Тот бесцеремонно втолкнул девушку в комнату и плотно прикрыл дверь.
Ива пожала плечами, положила шубку на спинку кровати, поискала глазами, где бы сесть.
– Сюда, – указал ей Кругляк на мягкий круглый стульчик у туалетного столика, как раз против себя. – Очень хорошо. Вот теперь поговорим спокойно. Думаю, вы давно ожидаете наш визит. Каждого преступника, как кошмар, преследует видение такой минуты.
– Вы меня с кем-то путаете, – раздраженно перебила его Ива. – Я не преступница. Вот мои документы.
Она старалась говорить спокойно, держать себя в руках, но видно было, что дается ей это с трудом.
– Да, сейчас вы студентка. А раньше, – повысил голос Кругляк, – вы были связной у националистического бандита Бурлака. Кстати, и его возлюбленной. Нам пришлось немало поработать, прежде чем было установлено ваше подлинное лицо, Менжерес. Или, может, вас лучше называть Офелией? Такое, кажется, у вас было красивое псевдо[15]15
Псевдо – подпольная кличка у украинских буржуазных националистов.

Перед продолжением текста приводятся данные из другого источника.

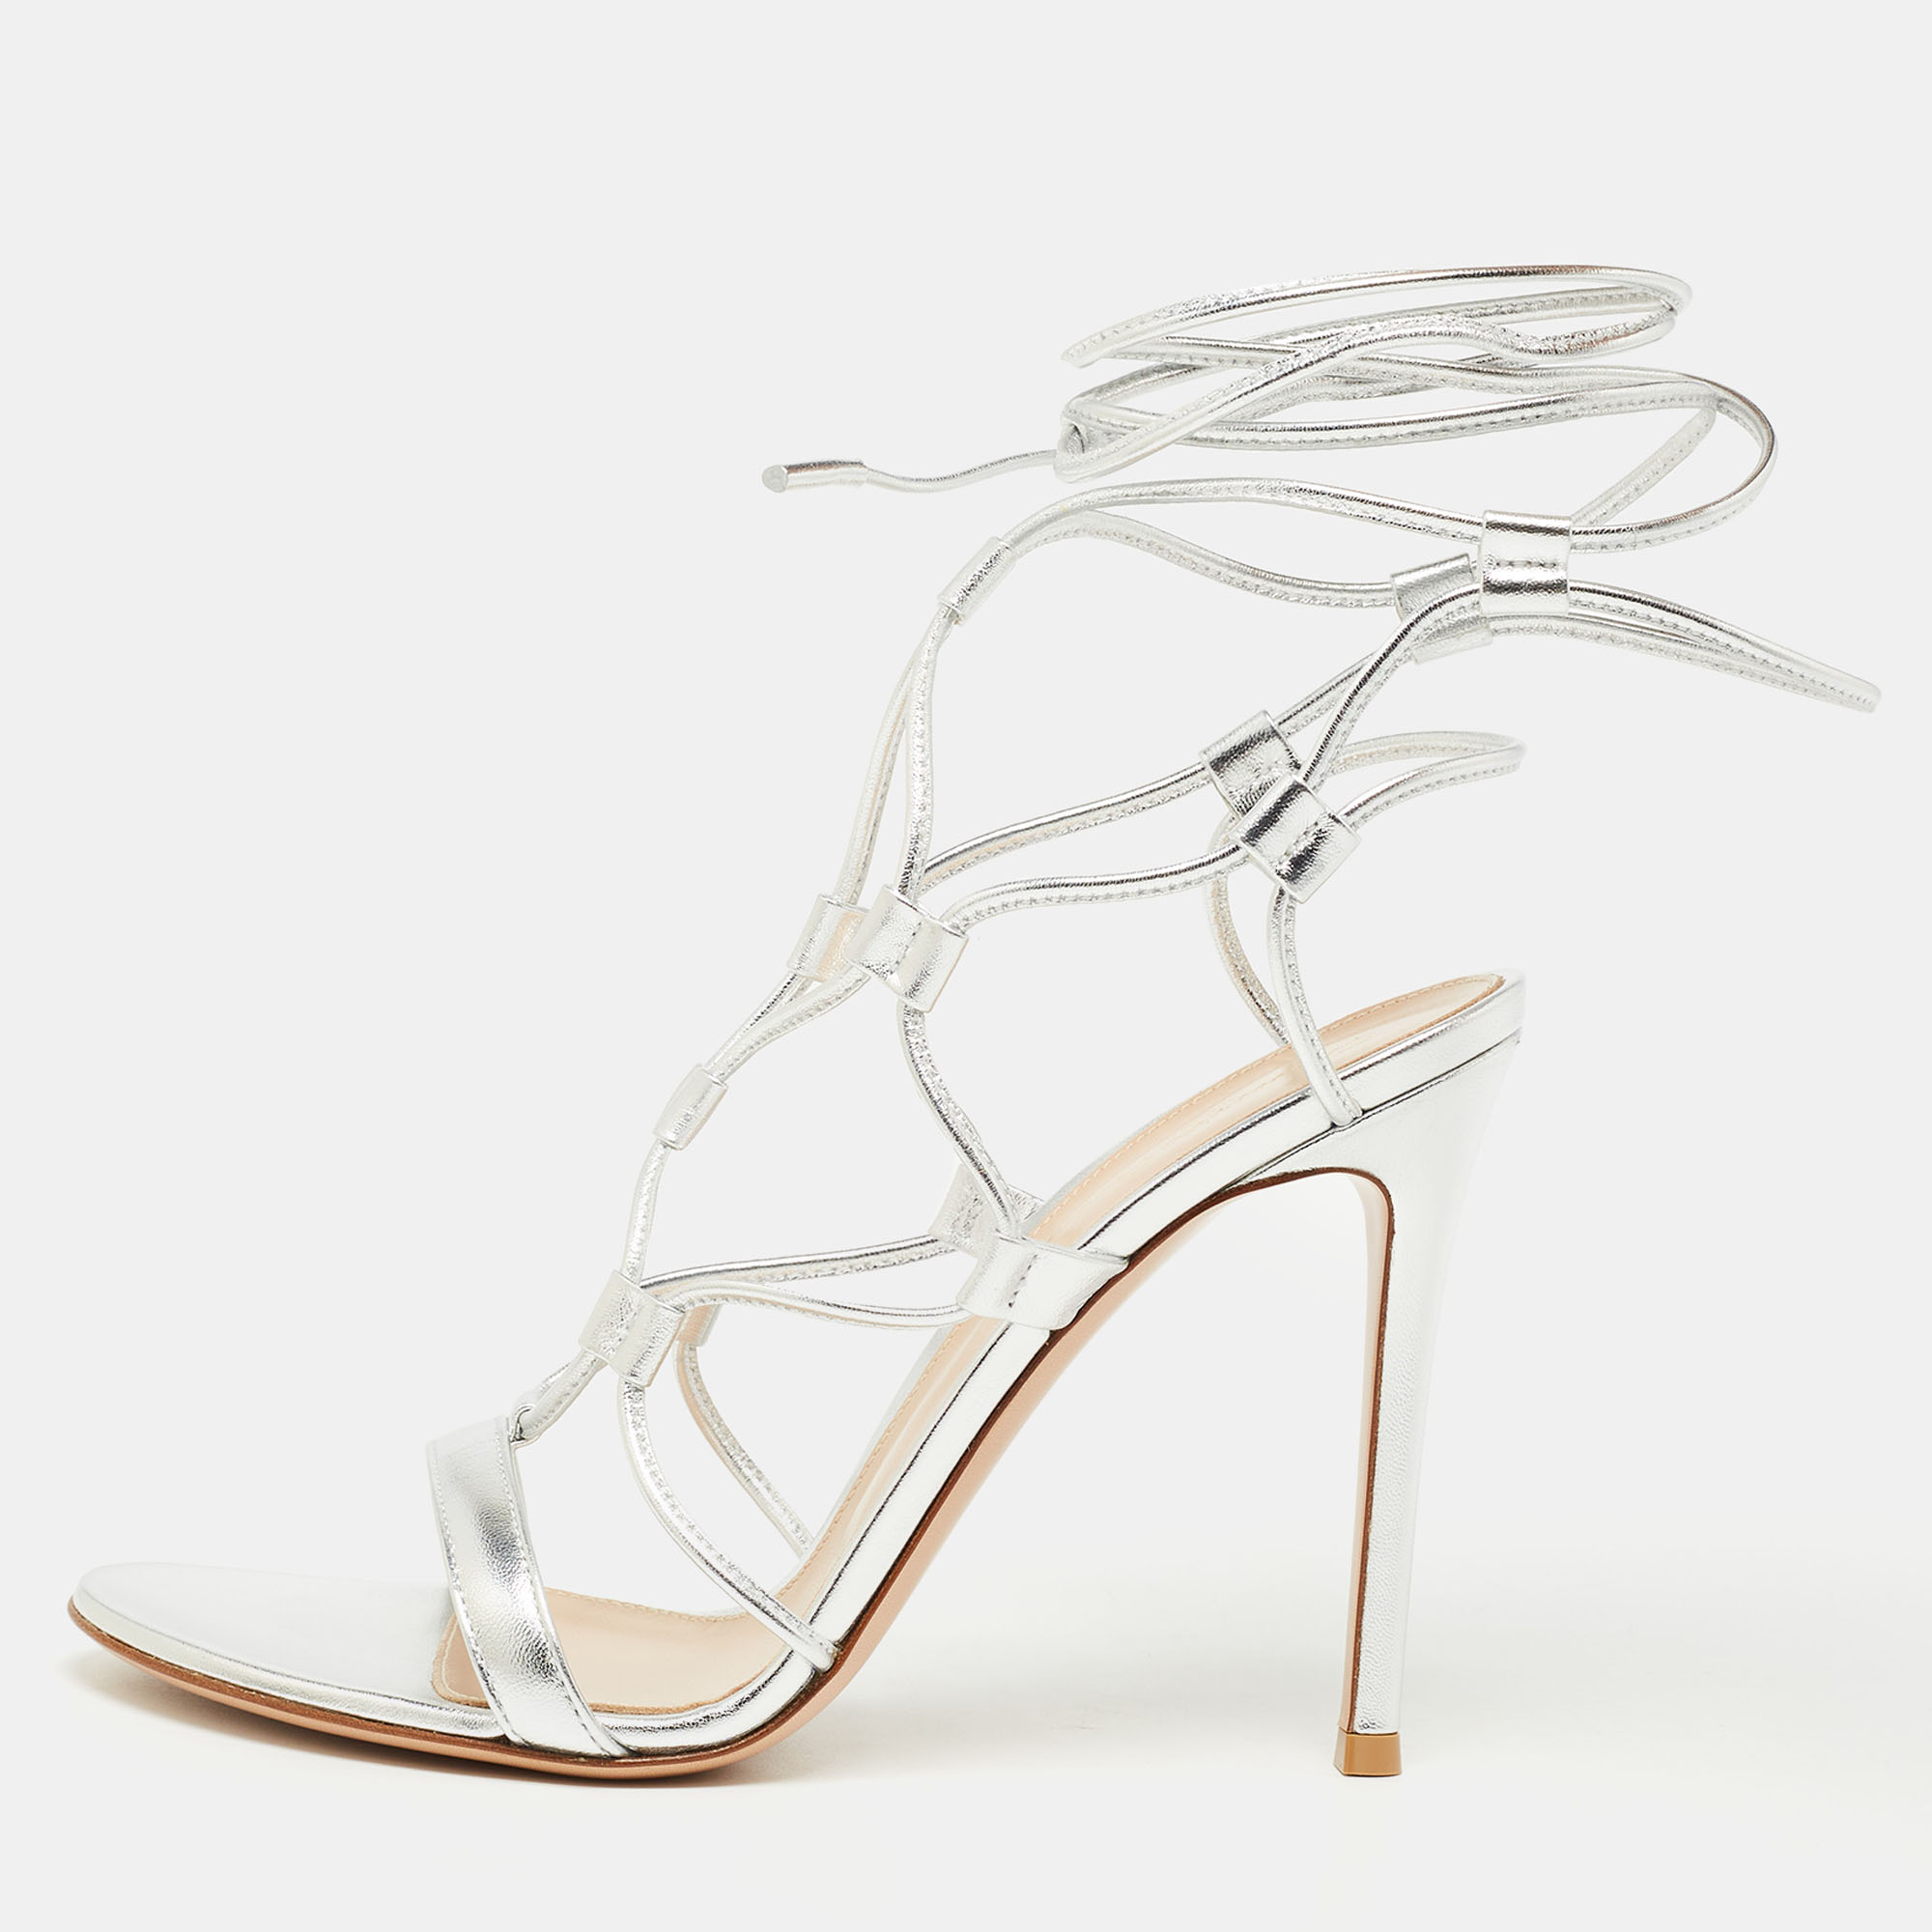 In classy silver leather the Gianvito Rossi Giza sandals exude confident charm. Delicate straps gracefully embrace the foot while a sturdy heel provides stability and style. With impeccable craftsmanship and timeless design these sandals effortlessly command attention adding a bold statement to any ensemble

[Закрыть] в вашей прошлой жизни?
На лице у Ивы не дрогнул ни один мускул. Только на щеки легла серая тень да глаза утратили яркий, злой блеск – в них мелькнуло отчаяние.
– Менжерес – действительно моя фамилия. Но я не знаю никакого Бурлака и никогда не носила той клички, которую вы назвали. Кто вы и что вам здесь надо? Предупреждаю – шантажировать меня не удастся.
– А вы не догадались, кто мы? – вроде бы удивился Кругляк. – Скажите, пожалуйста, какая несмышленая…
Ива теперь уже не могла скрыть, что волнуется и… боится. Она не находила места рукам. Сцепила их на коленях, усилием воли уняла дрожь. Что-то в ее облике напоминало затравленного маленького зверька, попавшего в ловушку.
– Мы уполномочены произвести у вас обыск. Чтобы не терять времени, скажу: нам известно все. Повторяю: наши неплохо поработали, и мы знаем каждый ваш шаг от того времени, когда вы стали руководительницей гражданской сети[16]16
Гражданская или легальная сеть создавалась из националистов, проживавших легально, служила вспомогательной организацией.
[Закрыть] в Долине, и до наших дней.
Длинная фраза далась Кругляку с трудом, необходимость что-то подробно объяснять раздражала его, и он недовольно морщился при каждом слове, как от зубной боли.
Менжерес обернулась к двери, но там стоял Северин. Стоял как камень, который ни обойти и ни объехать.
– Сюда! – резко приказал Кругляк. – Сядьте на место. И не вздумайте сопротивляться – бесполезно. Вы влипли крепко, Менжерес. Помочь вам может только чистосердечное признание. Так что не теряйте времени.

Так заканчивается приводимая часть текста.